Human Centric Lighting? It’s about time!

by | Oct 22, 2020 | News

Good lighting design has traditionally been about making architectural spaces beautiful with minimum power density. That tradition of course will continue, but the element of time has become ever more important. Energy is, after all, the product of power and time. More significantly, lighting must vary with the time of day to ensure good sleep and thereby healthy building occupants.

Typically, time is a neglected tool of lighting design. Most architectural lighting designs think of time as static. But with circadian entrainment, it’s all about time. If you think about stage lighting there is a fixed person in the audience, and in each scene the lighting changes to reflect a new time. General lighting is the reverse. In real life you have static lighting and the people move. Time is an essential element in theater lighting, but usually not embraced in general lighting design. Why?

“Most architectural lighting designers think of time as static … but with circadian entrainment, it’s all about time.”
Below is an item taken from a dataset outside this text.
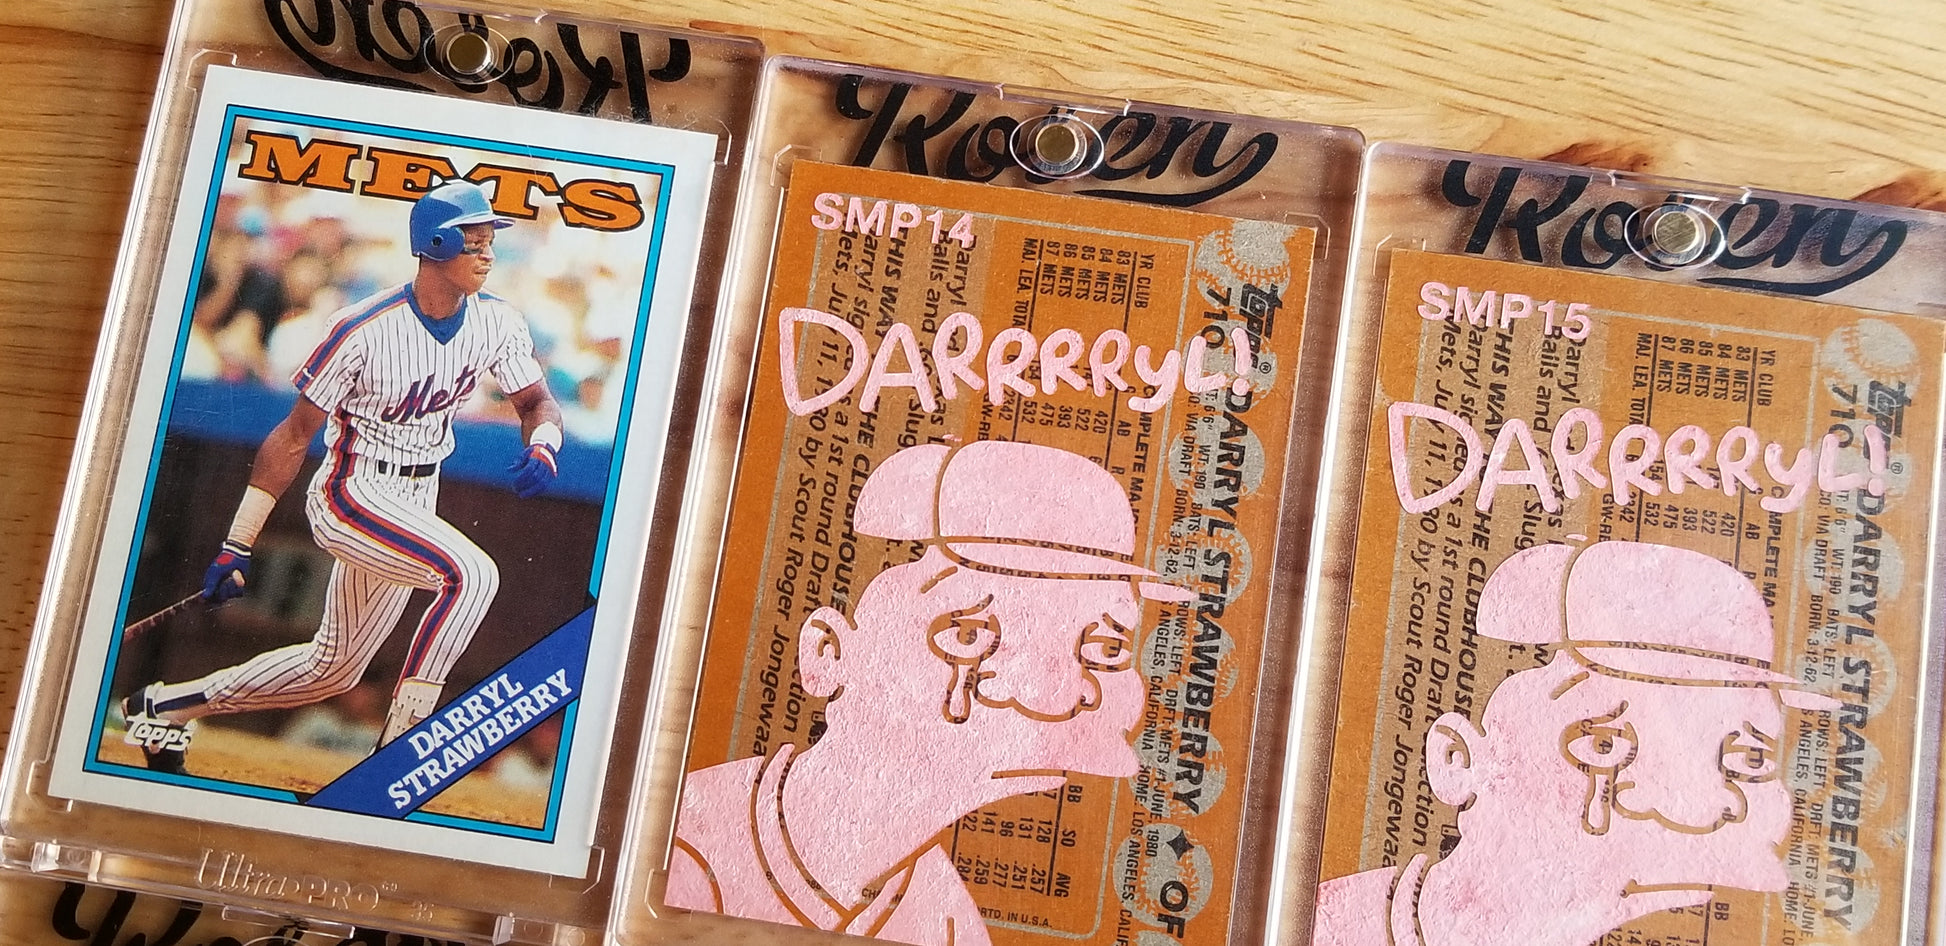 Baseball card art by Matthew Rosen - Gum Stick Collector Cards - Darrrryl

Light can be a way of articulating sequences to show the time of day or mood. Some circadian jobs are done in simplistic terms, with cool lighting in the morning and warm in the evening. Lighting can be a much more powerful dimension. A designer may need 300 lux on a horizontal surface and have to meet a certain watts/sq foot requirement. But the lights don’t always have to come from the ceiling. We will begin to see self-illuminous screens and perhaps and instead of a static watts/sq foot, what if the job consumed more power in the morning and less in the afternoon and could still meet the energy code?
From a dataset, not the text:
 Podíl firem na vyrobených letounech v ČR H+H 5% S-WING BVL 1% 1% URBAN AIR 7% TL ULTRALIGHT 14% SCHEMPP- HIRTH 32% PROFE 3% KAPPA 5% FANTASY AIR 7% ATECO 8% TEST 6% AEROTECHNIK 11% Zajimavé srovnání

Lighting should have more layers. Some open-air offices now offer Zoom Rooms where the employee will go to have great lighting for their online meeting. What if those horizontal lumens could be delivered at the desk, where the resources are? Employees should be able to quickly change the lighting to meet their specific task, and vertical illumination has to play a role. Designers seem to be stuck with ceiling lighting, and that is where the tonnage is, but I think that world is going to change.

I look forward to the time when time is a featured element of good lighting design.